Dec 6, 2024
8:45am - 9:15am
Hynes, Level 3, Room 311
Qimin Yan1
Northeastern University1
Being atomically thin and amenable to external controls, two-dimensional (2D) materials offer a new paradigm for many technologies such as (opto)electronics, energy conversion, and quantum information. In this talk, as an example of functional defect design, I will discuss how data-driven material science can be combined with symmetry-based physical principles to guide the search for spin defects in 2D materials for quantum information technologies and beyond. In our initial work, the use of local bonding symmetry as a material design hypothesis enables the identification of anion antisite defects as promising spin qubits and quantum emitters in six monolayer transition metal dichalcogenides.
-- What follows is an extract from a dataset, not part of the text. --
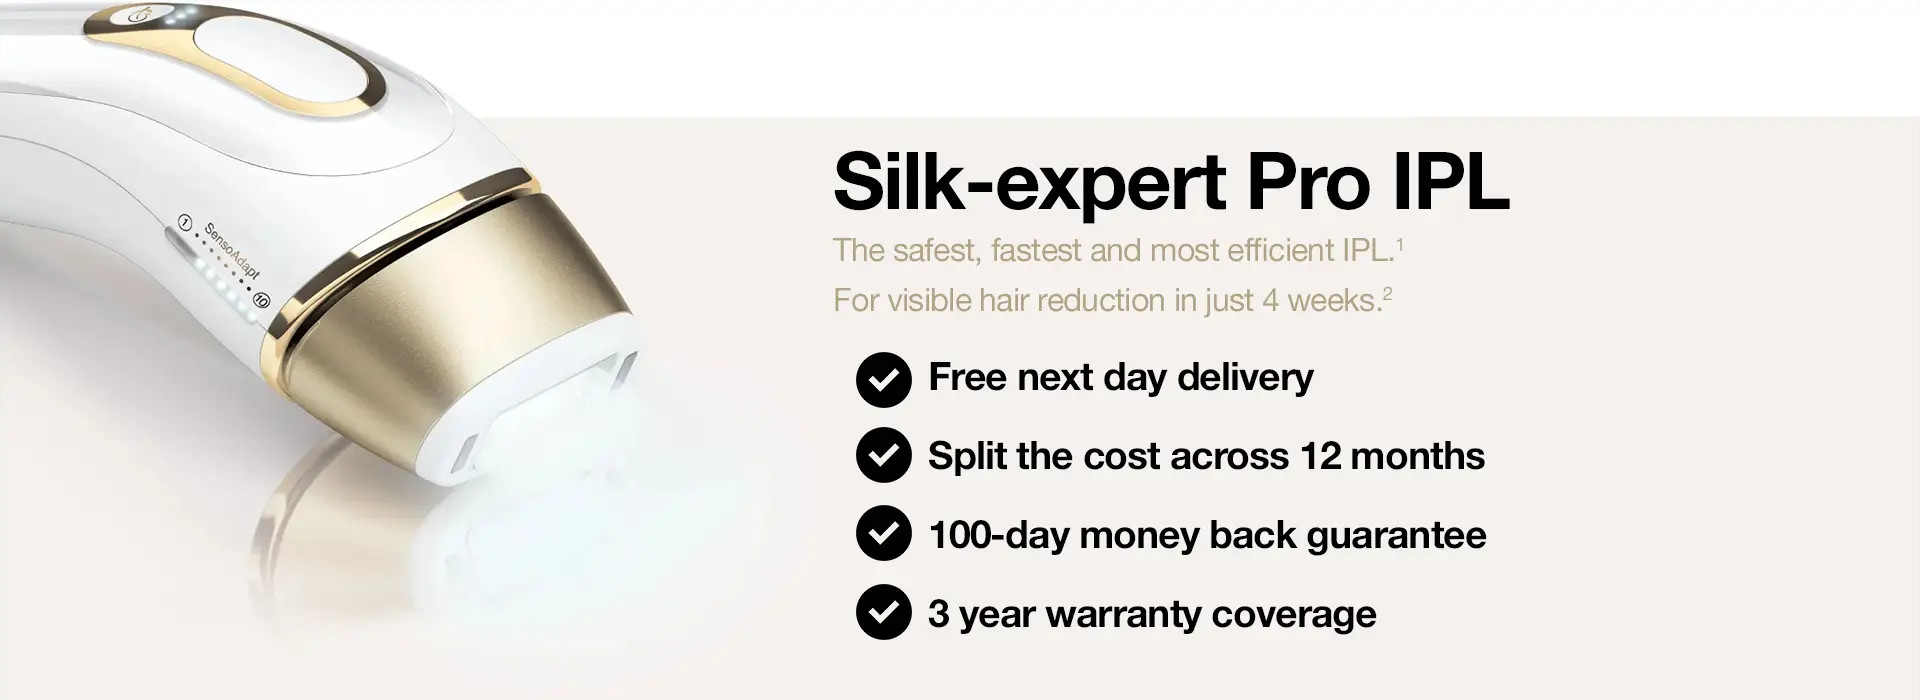 silk export pro women shaving

To enable high-throughput search of functional defects in a vast material space, we propose two machine learning (ML) models that are specially designed for learning localized defect properties, taking advantage of topological objects (Betti numbers) as node features and the Siamese equivariant network architecture. Trained by 5,000~20,000 diverse defected material systems, our models outperform the state-of-the-art models in predicting the formation energies of point defects. This ML capability enables the fast screening of functional defects in 2D materials, and the high-throughput search in all known binary 2D materials led to the identification of more than 45 quantum defect candidates that can be utilized as qubits and/or quantum emitters. At the end of the talk, I will discuss future directions to accelerate the discovery of “defect genome” in a vast space of material systems.